Опубликовано в журнале Дружба Народов, номер 3, 2005
Роман Андрея Левкина “Голем, русская версия” я прочитал три раза, от корки до корки, не считая постоянных перелистываний и возвращений к отмеченным местам. “Голем”, на мой взгляд, самый значительный роман начала третьего тысячелетия, имеющий прямое отношение к духовной жизни среднего российского интеллигента советского розлива (“голем — это же любой, сделанный из слов. Напиши о себе, станешь големом”).

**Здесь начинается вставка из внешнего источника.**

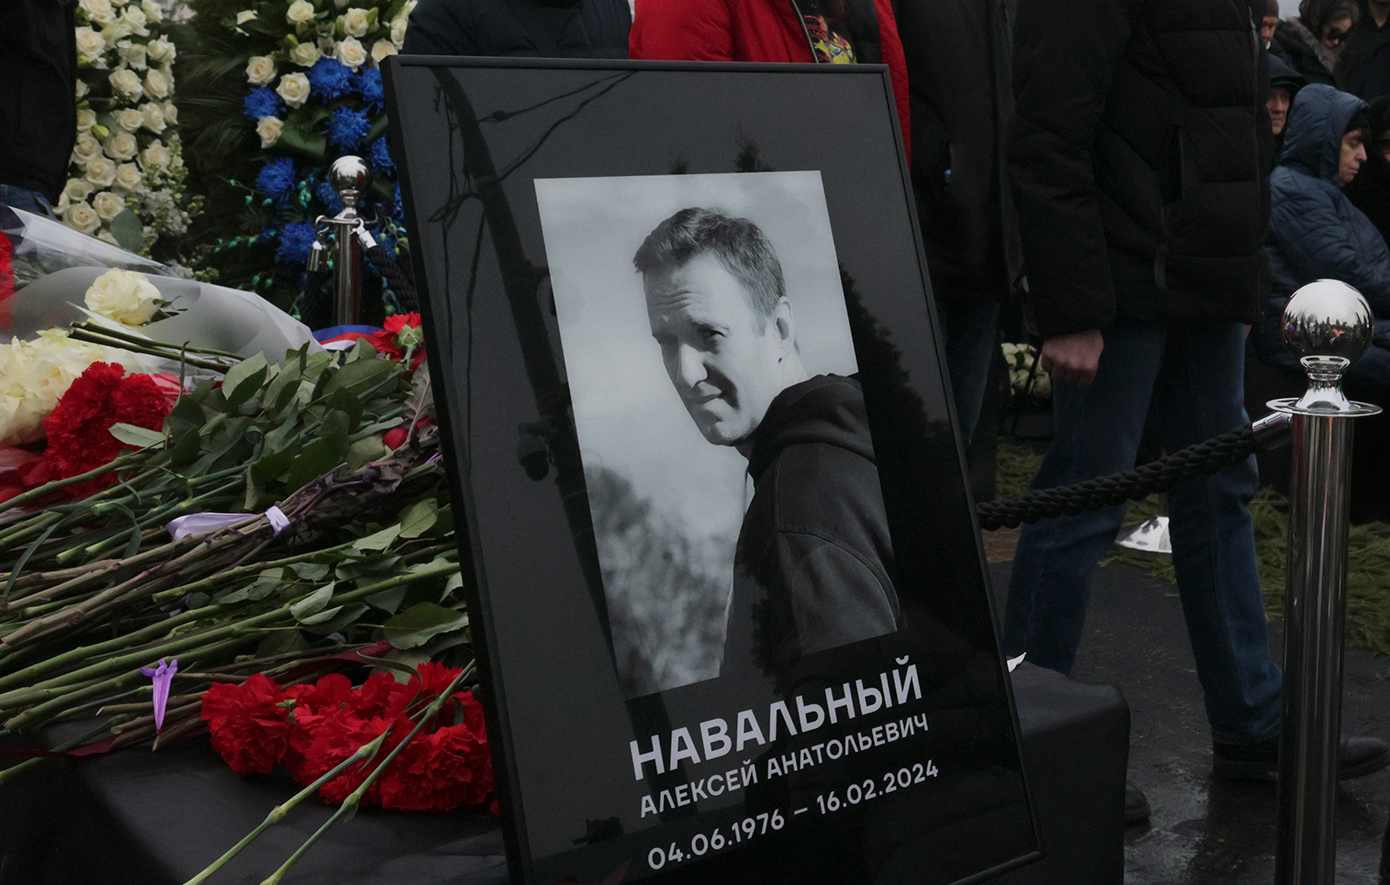 Υπό δρακόντεια μέτρα ασφαλείας η κηδεία του Αλεξέι Ναβάλνι: Πώς οι Ρώσοι τίμησαν τη μνήμη του

Только что прочитанный роман Михаила Гиголашвили “Толмач” неожиданно соединился с прошлогодним впечатлением от книги Левкина. Типологическая близость их героев-переводчиков, дополняющих друг друга и создающих некое общее проблемное поле, — очевидна. Толмач, то есть тоже переводчик, как и герой Левкина, пишет о себе и также становится “големом”.
Невинно-благопристойное, вполне культурное слово “перевод” обладает и своей не совсем благополучной изнанкой. Переводить — это не только осуществлять некую полезную, даже альтруи-стичную деятельность — от перевода старушки через Садовое кольцо до перевода писателя на другой язык. Переводить, как бесстрастно свидетельствует русский язык, — это значит и что-то тратить: собственный талант, силы, здоровье, драгоценное время. И тратить большей частью напрасно, то есть изводить, портить. (Хорошо и, главное, раньше сказал об этом А.Люсый.) Слово “переводчик” также несет в себе эту двойственность и услужливую готовность скользнуть из одного смысла в другой. Видимо, сказывается изначальная несамостоятельность занятия. Переводчик — это именно тот “промежуточный человек”, наличие которого в свое время радостно открыла советская публицистика, которая, как известно, и дня не могла без открытий. Но, с другой стороны, и любое, самое продуктивное творчество можно рассматривать также как перевод: со своего собственного языка на язык всех.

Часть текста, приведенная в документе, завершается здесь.